EKMEĞE DAİR;
ATALIK BUĞDAY UNLARI
Genetiği değiştirilmemiş, Anadolu’nun ilk çağlarından beri doğal haliyle muhafaza edilmiş buğday tohumlarından elde edilen unları Atalık buğday unları olarak tanımlıyoruz. KARAKILÇIK(Seferihisar), SİYES (Kastamonu), KAVILCA(Kars) bunlardan bazıları.
Yerli tohumların zirai tohumlara göre genotiplerinin (genetik kodlarının tamamı) düşük verimli olması üreticiler tarafından yerli tohumların tercih edilmeme sebebidir. Yerli buğdaylar daha serttir ve daha zor öğütülürler; fakat besin değerleri oldukça yüksektir.
Glutenin sindirim sistemininde sorunlar yarattığı son dönemde sıkça gündeme gelen bir konudur. Çölyak Hastaları hariç ( Çölyak hastalığı tamamen farklı bir rahatsızlıktır ve glutenin yapısı ile değil doğrudan glutenin varlığı ile ilişkilidir); gluten intoleransı bulunan bireylerde rahatsızlığın yapısı değişen buğdaydan kaynaklandığını belirten birçok çalışma sonucu vardır.
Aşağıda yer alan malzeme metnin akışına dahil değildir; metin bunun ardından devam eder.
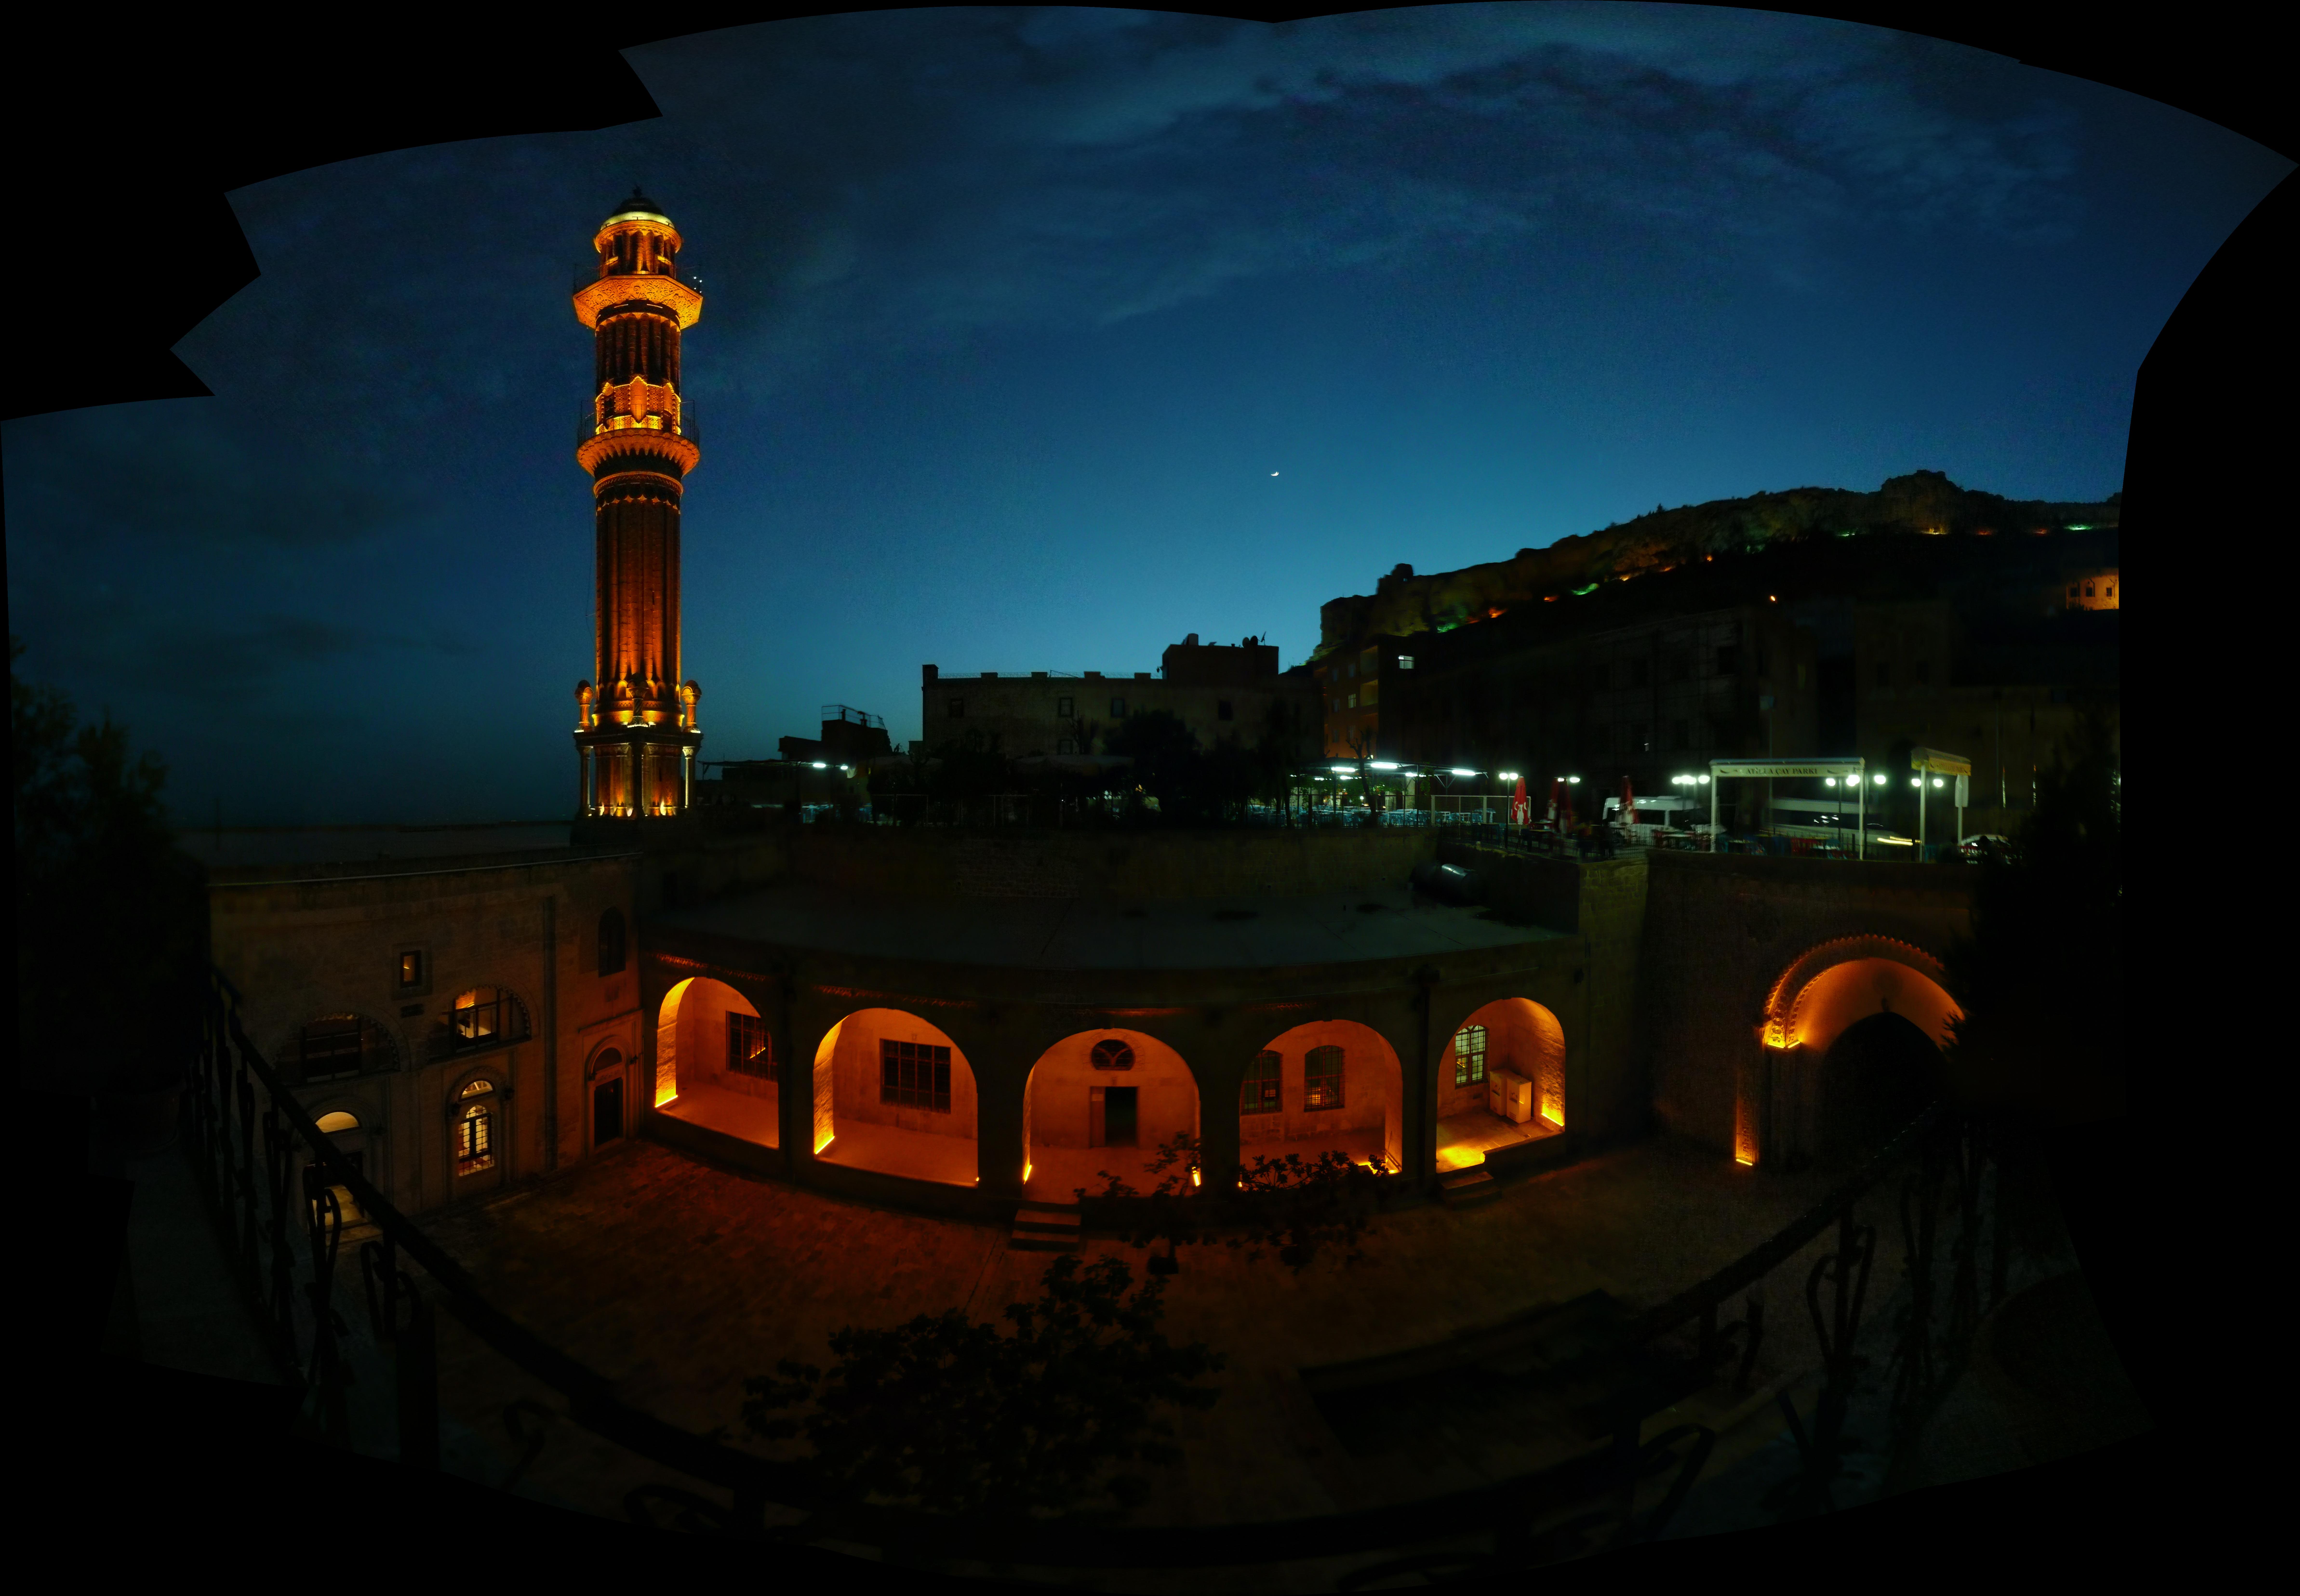 File:Mardin 1350660 1350692 33 images.jpg - Wikimedia Commons

Yapısı değişen buğday tohumunun içindeki gluten yapısı da değişmiştir ve bu değişimi tanımayan sindirim sisteminde sorunlara yol açmaktadır. Oysa atalık buğday sindirim sisteminden kolayca geçip gidiyor.
BESLENME VE EKMEK
Evrimleşen canlılarda olduğu gibi tohumlarda zamanla evrim geçirmiştir ve şartlara uyum sağlayabilenler günümüze ulaşmıştır. Karakılçık Buğdayı da bu şartlara uyum sağlayabilen, sindirim sisteminin tanıdığı atalık bir buğday cinsidir. Besin değeri çok yüksek olan bu buğday cinsi hem potasyum hemde fosfor açısından çok zengindir. A, E, K, C vitaminleri, demir, lif ve protein oranı da oldukça yüksektir.
Karya Fırın; tüm ekşi mayalı ekmek çeşitleirnde atalık buğday unlarımızdan olan Karakılçık ve Siyes unlarından elde edilen %100 doğal ekşi maya kullanmaktadır.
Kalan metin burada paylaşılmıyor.